Earlier this month, as news of two prospective COVID-19 vaccines began to go from a possibility to a reality, an interactive module offered by The New York Times, "Find Your Place in the Vaccine Line," allowed people to get a sense of where they would stand in the line to get vaccinated against the virus, when vaccines became available.
A teacher in Oregon plugged her information into the module, which asks people about their age, profession and where they live and COVID health risk. The module shared that she was behind 1.7 million others in Oregon to receive the vaccine. Her ex-husband, meanwhile, designs fire sprinkler systems. When he plugged his information in, it revealed that he was behind 1.6 million others—essentially ahead of the teacher by 100,000 people. Neither have health risks. Both were behind health care workers, nursing home residents, first responders, those with health risks, and "other elderly," with teachers falling behind "other essential workers."
While the module is only an estimate for a vaccine rollout that is going to require massive coordination and education on a global scale, it's troubling to hear that a teacher who continues to see students lose interest and struggle academically and mentally due to distance learning is ostensibly prioritized below a person whose job lends itself to independent work via computer. The devil is in the details, as they say—and right now, the details are few about who gets the vaccine after health care workers and nursing homes.
According to the Oregon Health Authority Dec. 14, "Priority groups in Phase 2 will be determined at a later time."

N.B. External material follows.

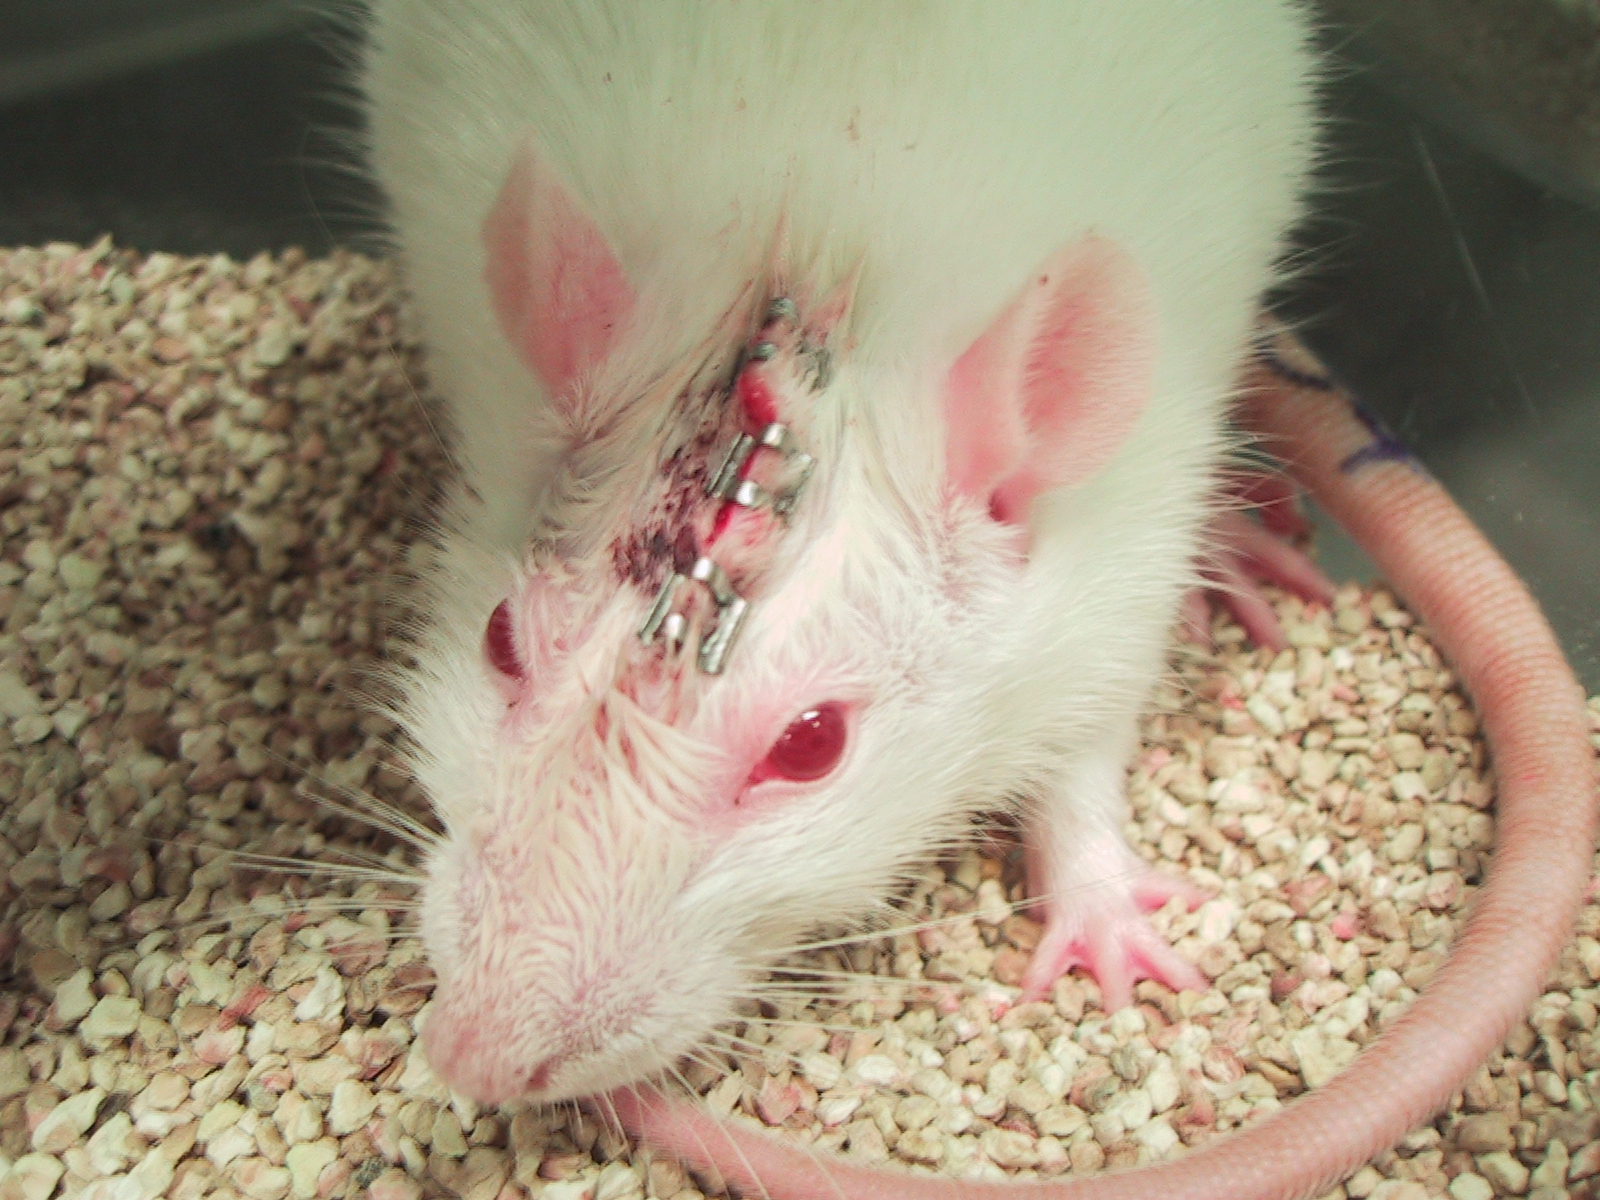 animal testing — ny farm animal save
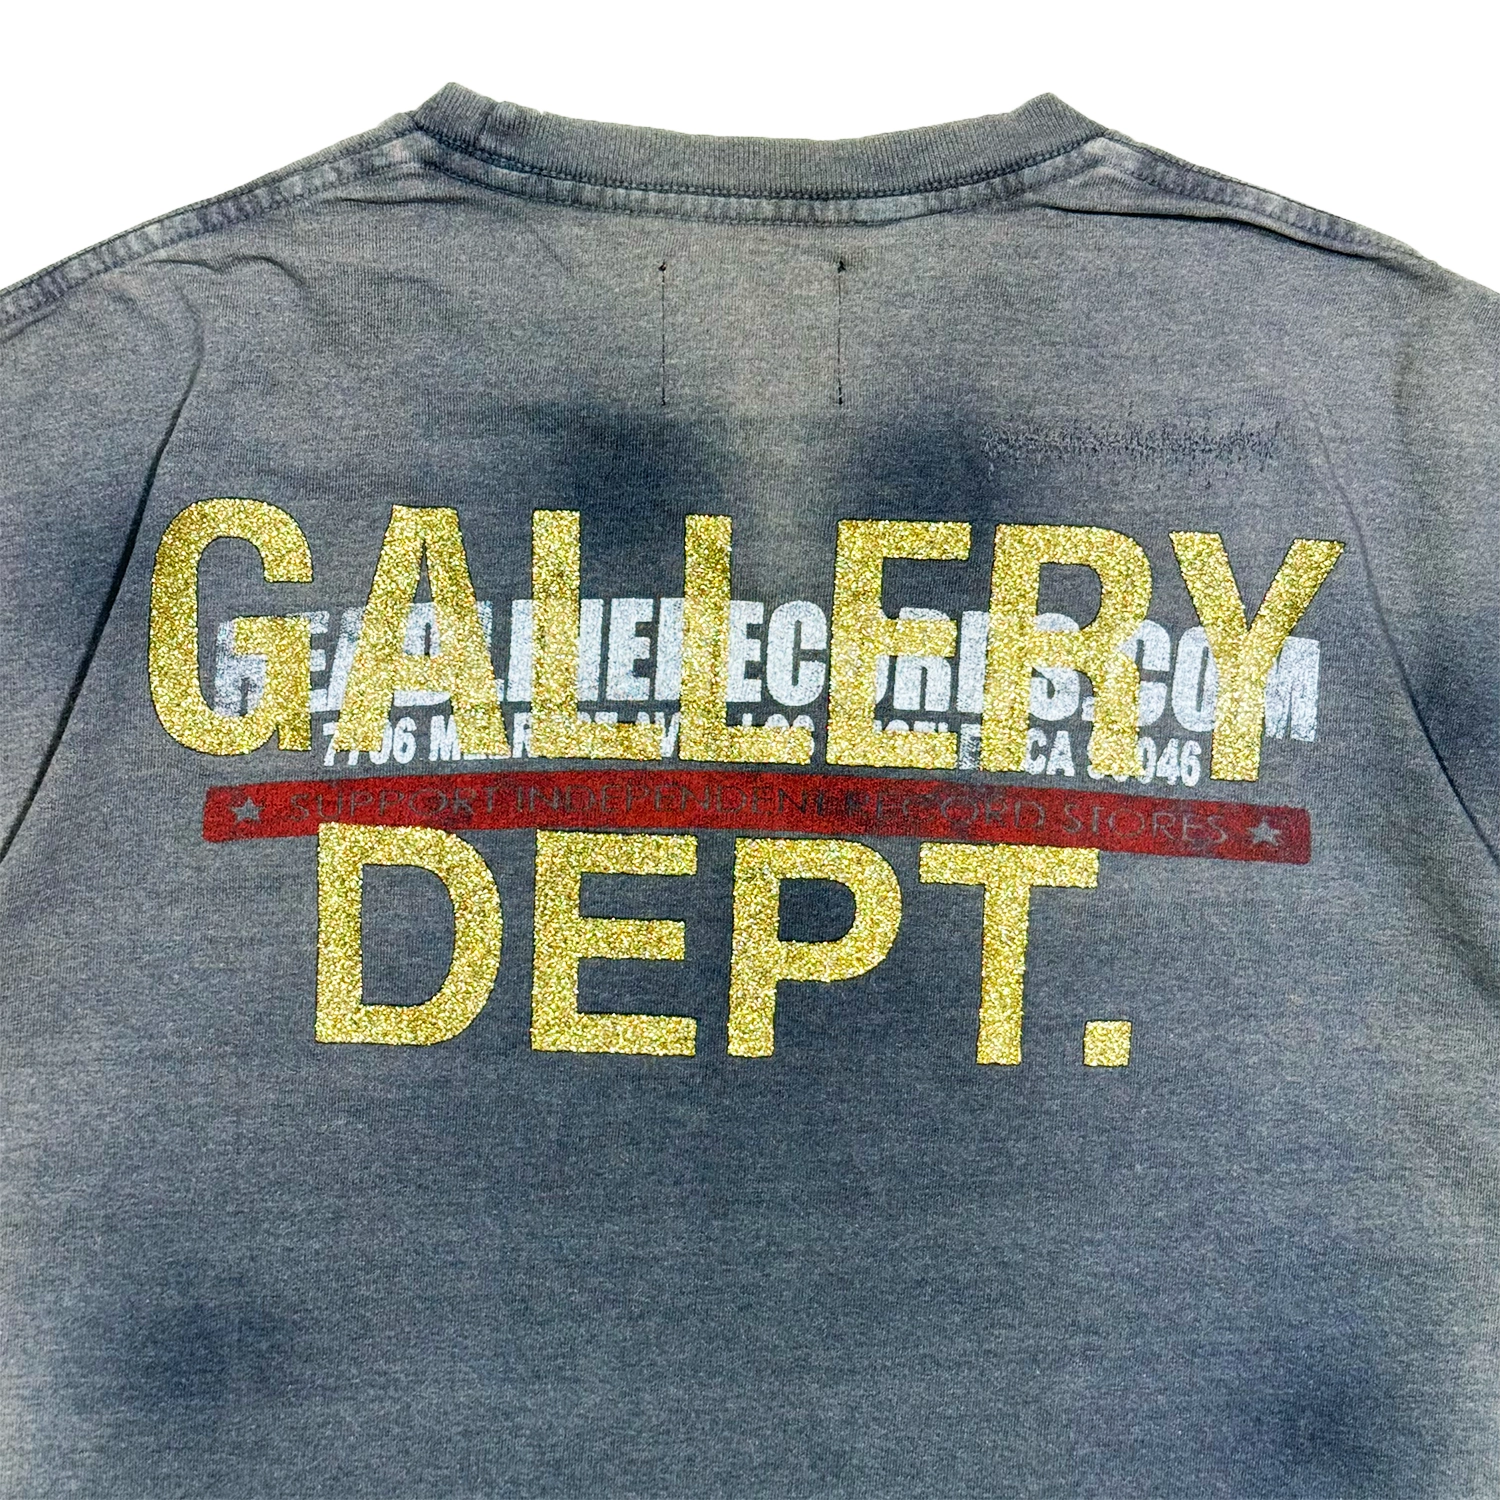 GALLERY DEPT. / HEADLINE RECORDS TEE BLACK

Earlier this month, a diverse group of elected officials in Bend sent a letter to Gov. Kate Brown, urging her to reopen schools in January, and to consider the negative impacts that an entire year of distance learning is having on local kids. Our community has varied opinions on whether to get kids back into school buildings, based on their varying levels of concern about the virus' spread and its potential for harm against the negative ripple effects to the rest of the community. However; much of that conversation was framed during a time when vaccinations—now beginning to be distributed in Oregon and the rest of the United States—were not yet a reality. It is wise to first prioritize health care and nursing home workers who are exposed most frequently to the virus, and to then vaccinate the people whose lives are most in jeopardy should they contract it. But after that, there lies a gray zone where state leaders have the opportunity to weigh the broad impacts of the virus—the economic ones, the educational ones and the health-risk ones, all—to determine who goes after that.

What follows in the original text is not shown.